LITTLE ROCK, Ark. (AP) - Two years ago, Little Rock native Jeff Nichols wanted to organize special screenings of his science fiction drama “Midnight Special” and his historical biopic “Loving” for his home state. But he found there was no simple way to get the word out, and each time he returned he felt like he was “reinventing the wheel.”
At the same time filmmaker Kathryn Tucker was mourning the loss of the Little Rock Film Festival, so in April 2017, she paired up with Nichols to help create the Arkansas Cinema Society. Based on the Austin Film Society, which has year-round programming and which Nichols said he benefited from when he moved to Texas, the Arkansas Cinema Society hosts annual curated film festivals in downtown Little Rock as well as smaller events throughout the year.
Last year’s inaugural event, Premiere, boasted Star Wars villain Adam Driver as a main attraction. A screening of “The Force Awakens” at the downtown Ron Robinson Theater sold out within hours.
For Premiere, the society flew in three out of state filmmakers for five events. This year’s four-day festival, Filmland, quintupled that, flying in 15 filmmakers - plus drawing 10 Arkansas filmmakers - for a dozen events.

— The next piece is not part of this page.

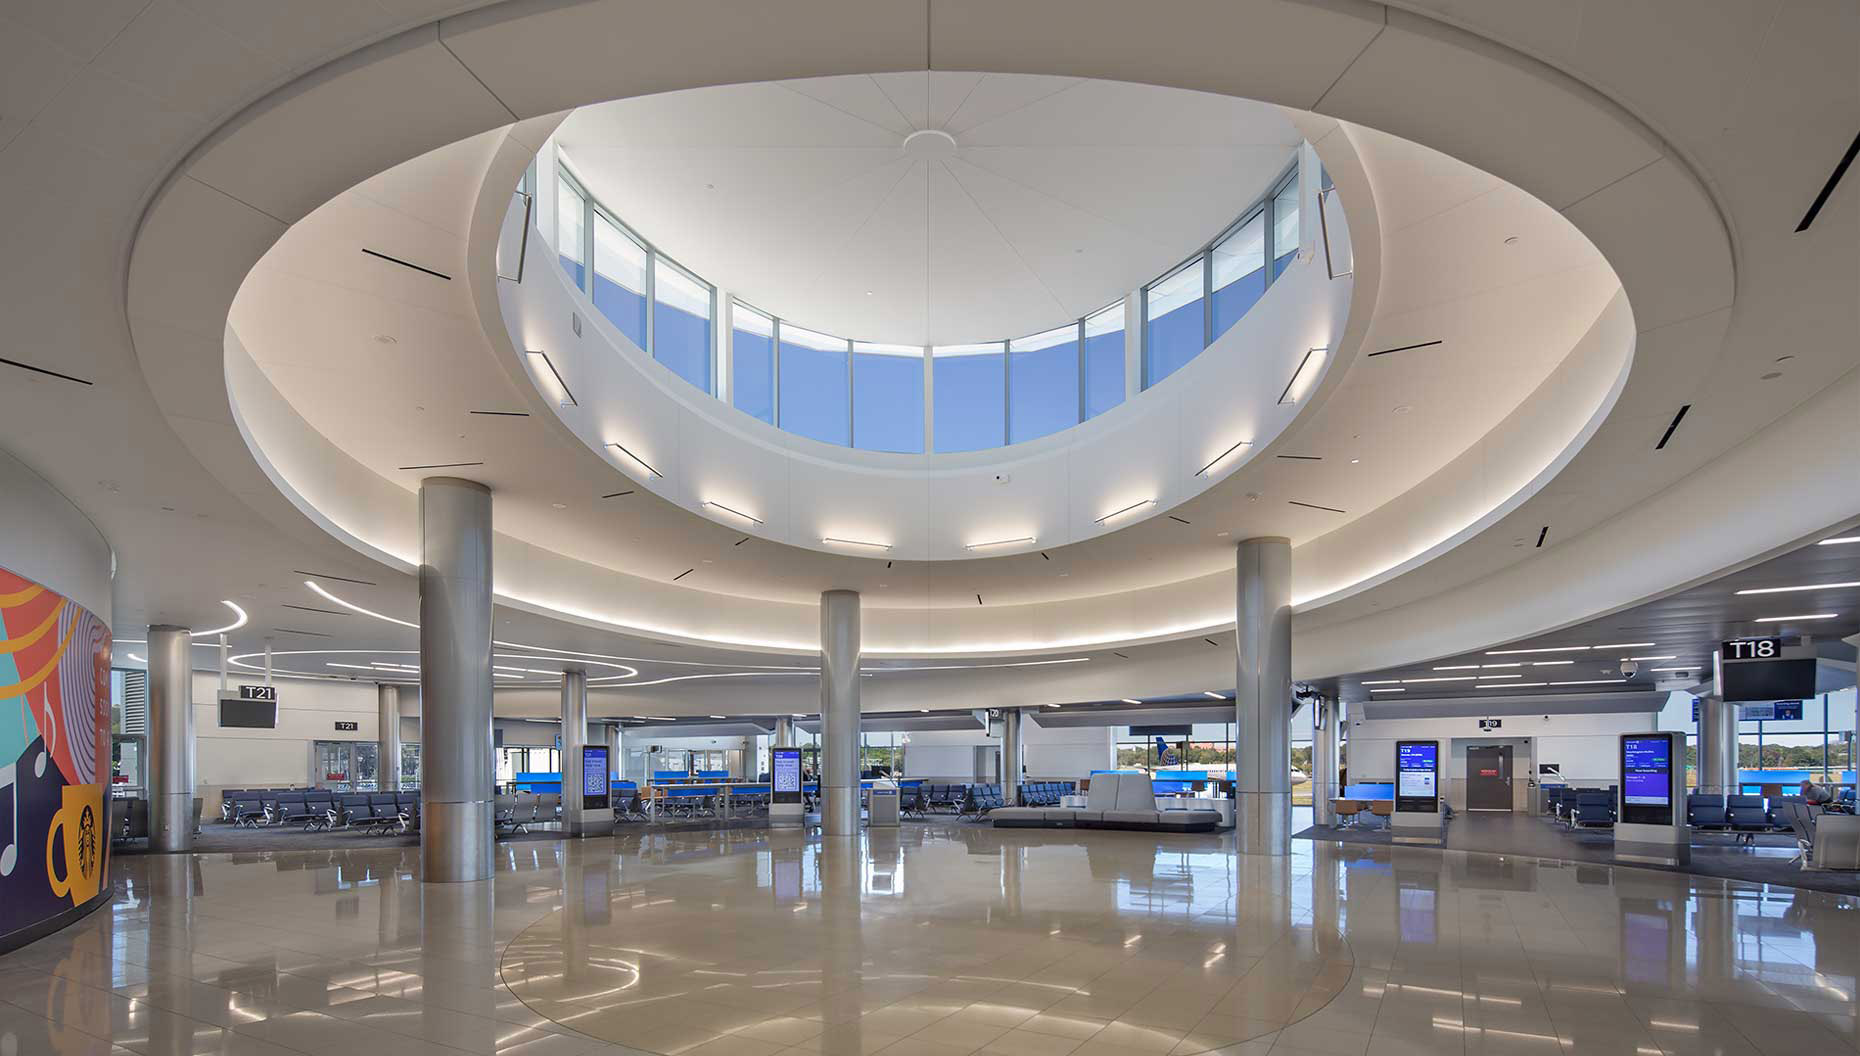 A view of the open and airy oculus at the center of the Concourse T North Expansion at HJAIA

“We ended up with an embarrassment of riches,” said Tucker, who serves as the society’s executive director. Oscar-nominated director Richard Linklater, Arkansas native Mary Steenburgen and her husband Ted Danson, and comedian Will Forte were among Filmland’s guests.
All three of the films screened, plus an “Arkansas Shorts” event comprising seven short films, were part of Filmland’s “Arkansas Program,” which highlights art created in Arkansas or by Arkansas artists.
That kind of local support system, visibility and connective network is one of the main reasons they formed the society, said Nichols, who chairs the society’s board. Growing up in Arkansas, Nichols said he felt isolated from filmmaking, with few examples of filmmakers from his home.
“I lacked being able to look at someone and hear from someone who’s actually doing it and really did kind of feel invisible here, this little kid from Arkansas,” Nichols said.
Both Tucker and Nichols are happy with the society’s growth - they’ve got just over 100 members now, though both said they want that number to be much higher, since more paying members means funding for more programming.
The society already produces some smaller events year-round. But Tucker and Nichols hope to expand the society’s reach beyond a big August festival and other less frequent events. Tucker envisions monthly panels with industry professionals and concurrent weekends where three or four cinematographers, lighting directors, producers, editors or other experts could come and lead a workshop “that actually teaches people how to light or editor or produce or schedule a film,” Tucker said.
Nichols also hopes the events can someday spread beyond Little Rock hopes by finding independent, single screen theaters throughout the state and organizing special screenings. Ultimately, he wants the society to form a “statewide umbrella - connective tissue for different disparate organizations and filmmakers and film communities.”
The society recently announced funding for travel grants, an idea Nichols borrowed from Austin. Any filmmaker from Arkansas or who makes a film in the state, and has it screened at a festival, can apply for a small travel grant.
“These grants aren’t going to pay for anybody’s film,” Nichols said, adding that the intention is to give a small incentive to less conventionally successful filmmakers.
Beyond fundraising, an annual festival draws filmmakers to collaborate, discuss, and hopefully make more Arkansas films, a dream of Tucker’s.
The society is a little young for those connections to bear fruit yet, Nichols said. But one film screened this year, “Antiquities,” was the result of a collaboration between filmmakers Graham Gordy and Daniel Campbell who met at the now-defunct Little Rock Film Festival.
Nichols did meet a 13-year-old boy who attended Premiere and returned this year for Filmland, and who asked Nichols for advice on pitching his first feature film to a major studio.
“He’s sitting in every screening, every Q and A - that kid’s going to do something,” Nichols said.